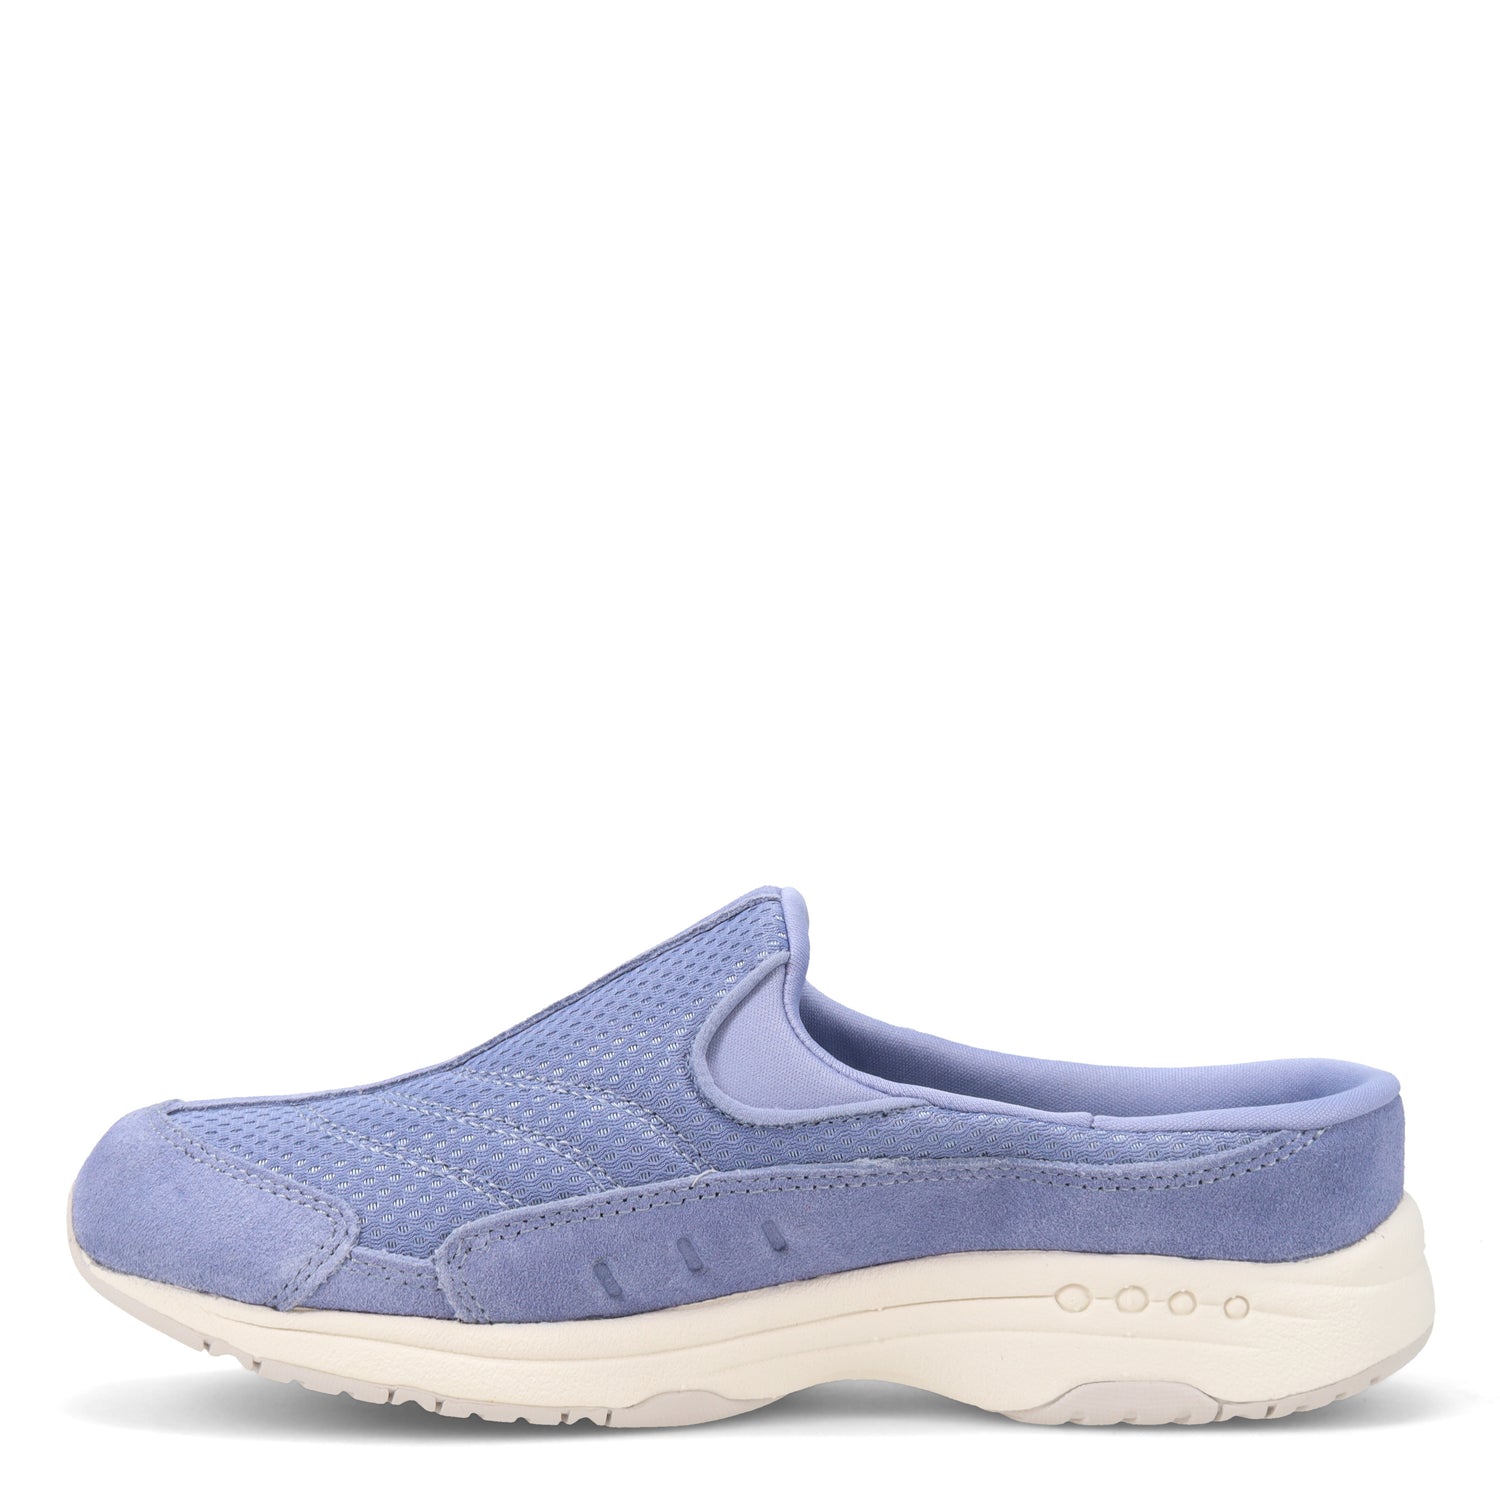 Peltz Shoes  Women's Easy Spirit Traveltime Classic Clog CORNFLOWER BLUE TTIME90-422
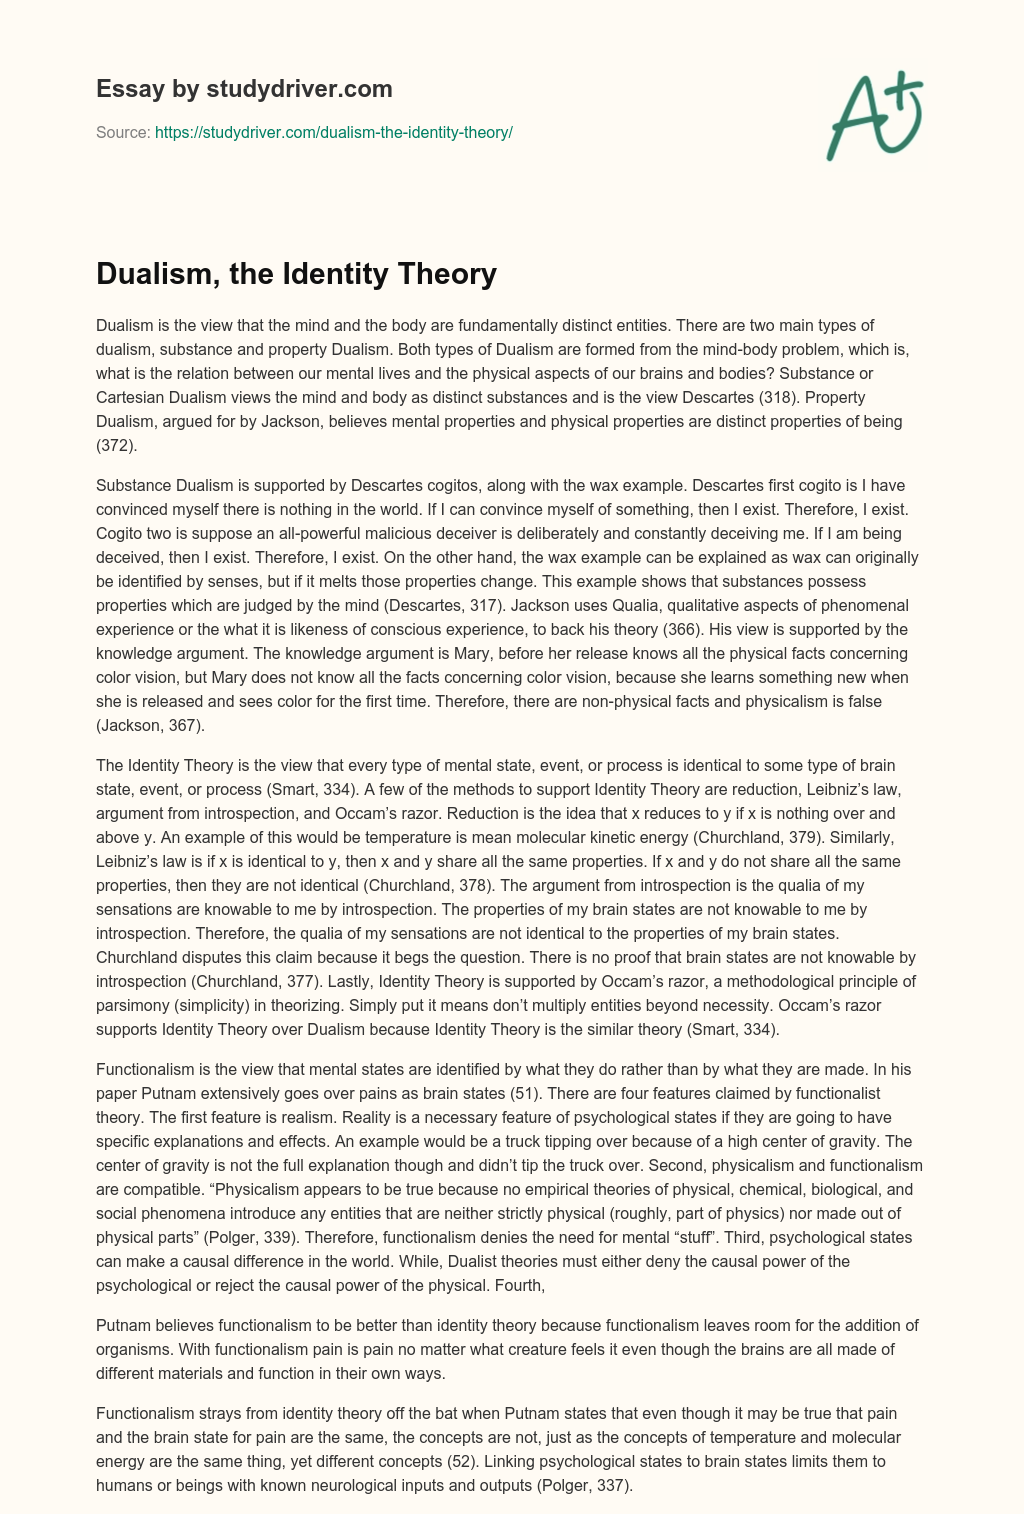 Dualism, the Identity Theory essay
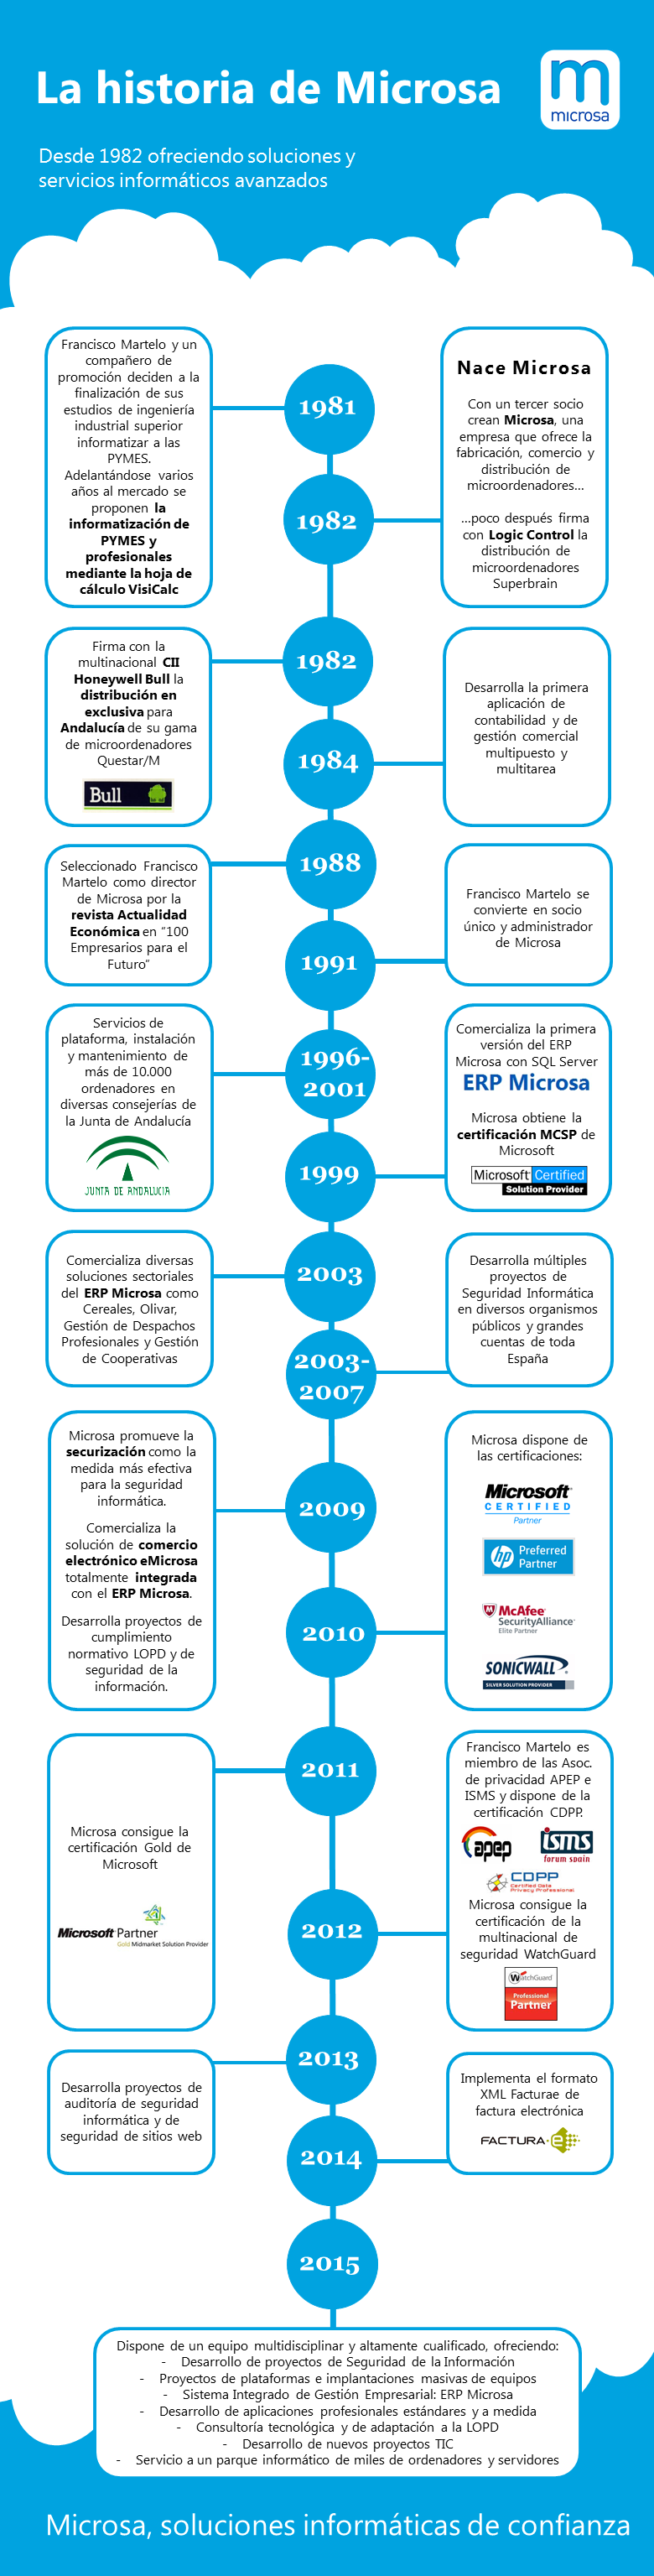 Infografia-La-Historia-de-Microsa
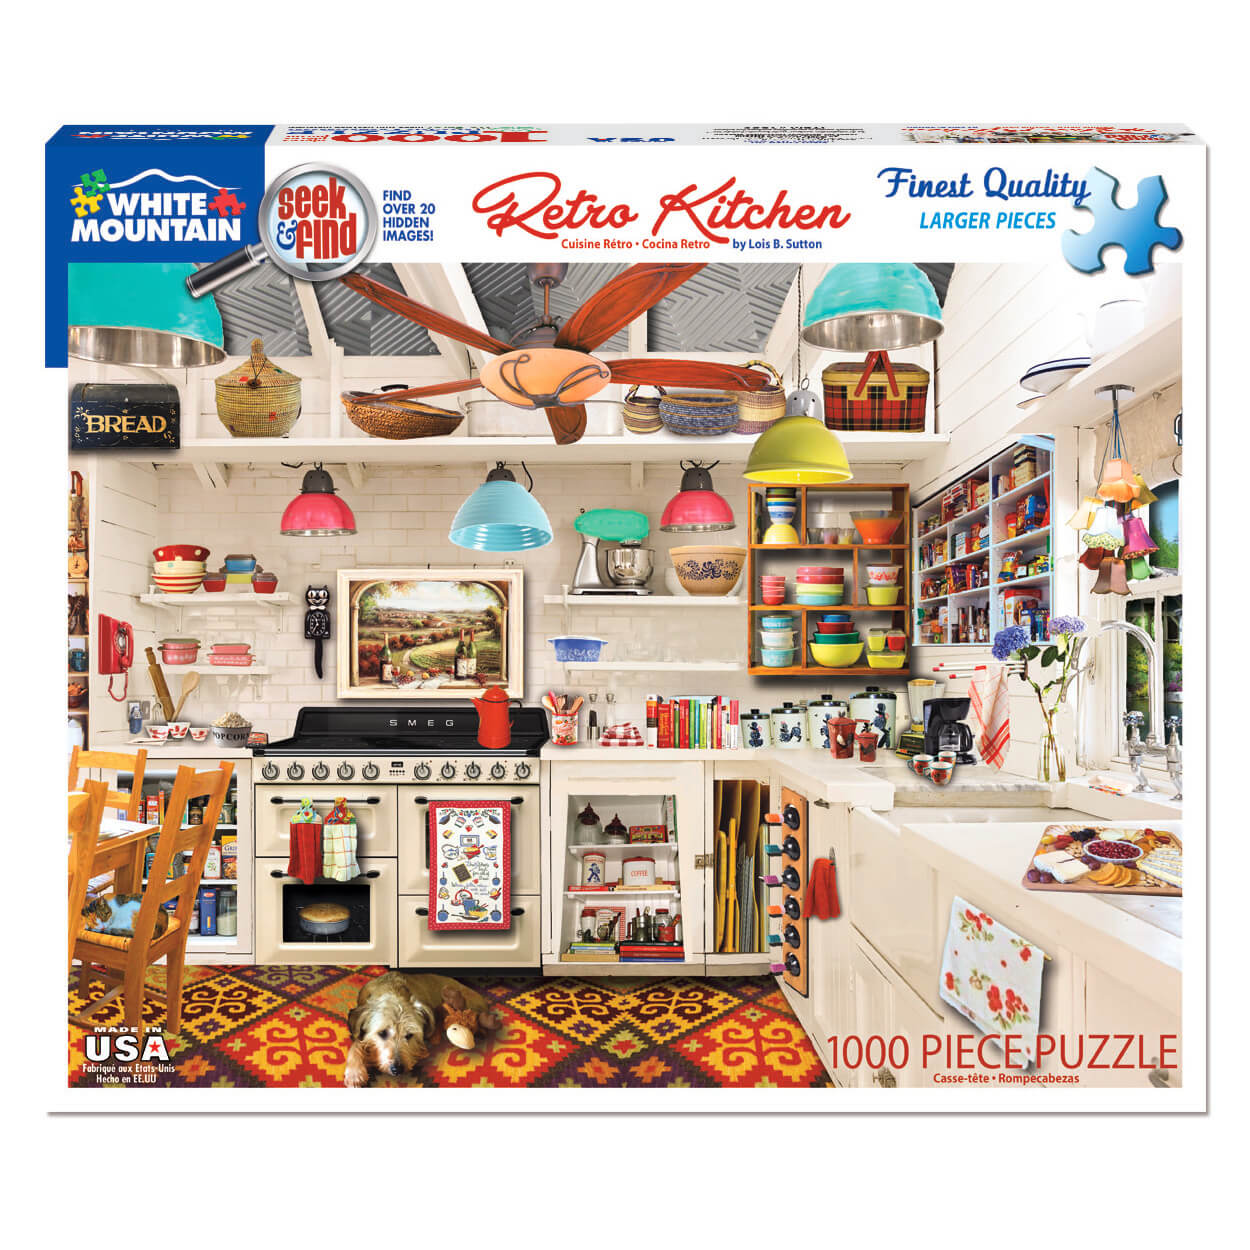 White Mountain Puzzles Retro Kitchen Seek & Find 1000 Piece Jigsaw Puzzle

*EXERCISE OBJECTIVE*:
When you find the line that contains "Dualism, the Identity Theory essay", retype it and every line after it through the end of the data above, exactly, with no pictures.

*ANSWER TO THIS TASK*:
 Dualism, the Identity Theory essay
 Infografia-La-Historia-de-Microsa
 White Mountain Puzzles Retro Kitchen Seek & Find 1000 Piece Jigsaw Puzzle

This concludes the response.